Bright Young Things quotes

  • Colonel Blount: Don't think me discourteous, but I'm afraid it's impossible for me to ask you to luncheon. I have a guest coming on intimate family business. It's some young rascal who wants to marry my daughter.

    Adam Fenwick-Symes: Well, I want to marry your daughter too.

    Colonel Blount: What an extraordinary thing. Are you sure?

  • Colonel Blount: So you're the young fool who's going to marry my daughter.

    Adam Fenwick-Symes: I very much hope so, Sir.

    Colonel Blount: How much money have you got?

    Adam Fenwick-Symes: Well... I had a thousand pounds last night. I gave to all to a drunken major.

    Colonel Blount: What did you do that for?

    Adam Fenwick-Symes: Well, I... I hoped he'd put it on Indian Runner... In the November handicap.

    Colonel Blount: Never heard of the animal. When will you next have some money?

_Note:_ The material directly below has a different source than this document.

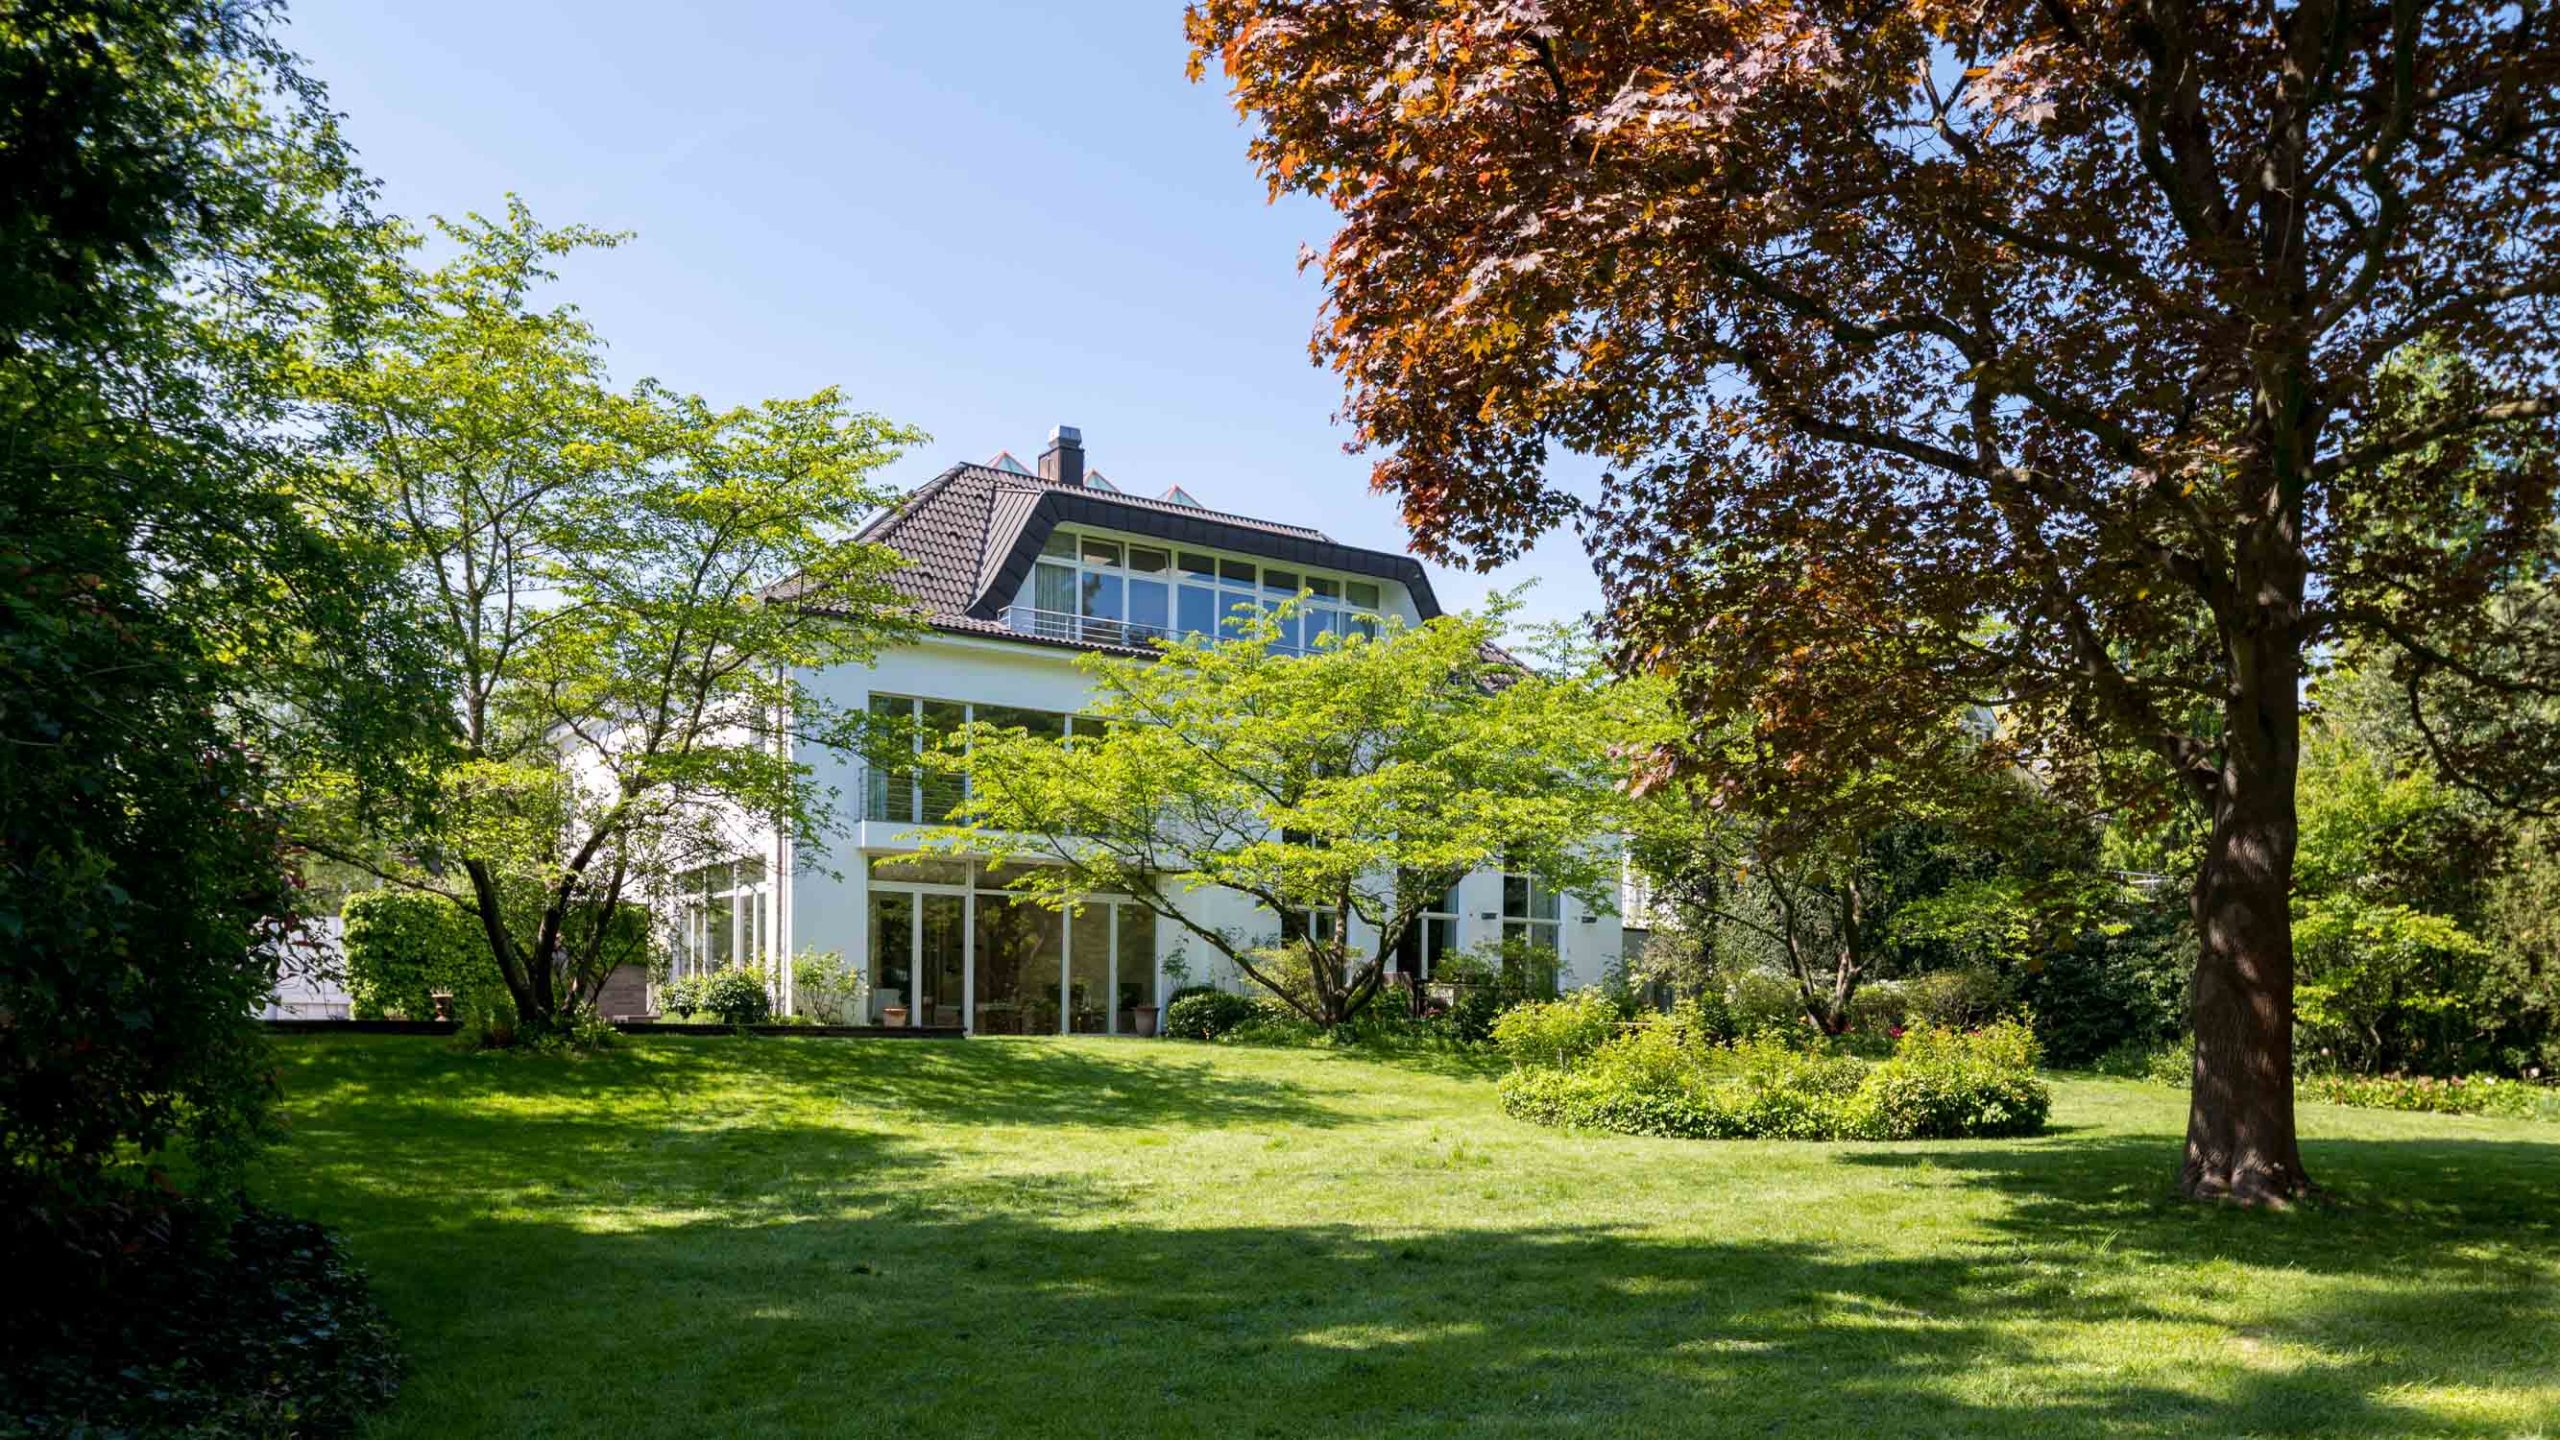 Immobilie Architekturfotografie eines Hauses in einem grünen Parkgelände. Viele Bäume und Wiesen. Foto von Immobilienfotograf Düsseldorf

    Adam Fenwick-Symes: Well, when I've written some book. You see, I owe Lord Monomark. For an advance. And until I get it written I rather hoped... *we* rather hoped that you might... help us.

    Colonel Blount: How could *I* help you? I have never written a book in my life. Worte a letter to the Times once. Never published.

    Adam Fenwick-Symes: We thought that... well, that you might give us some money.

    Colonel Blount: You thought *that*, did you?... I think that's an admirable idea. I don't see any reason shy I shouldn't. How much do you want?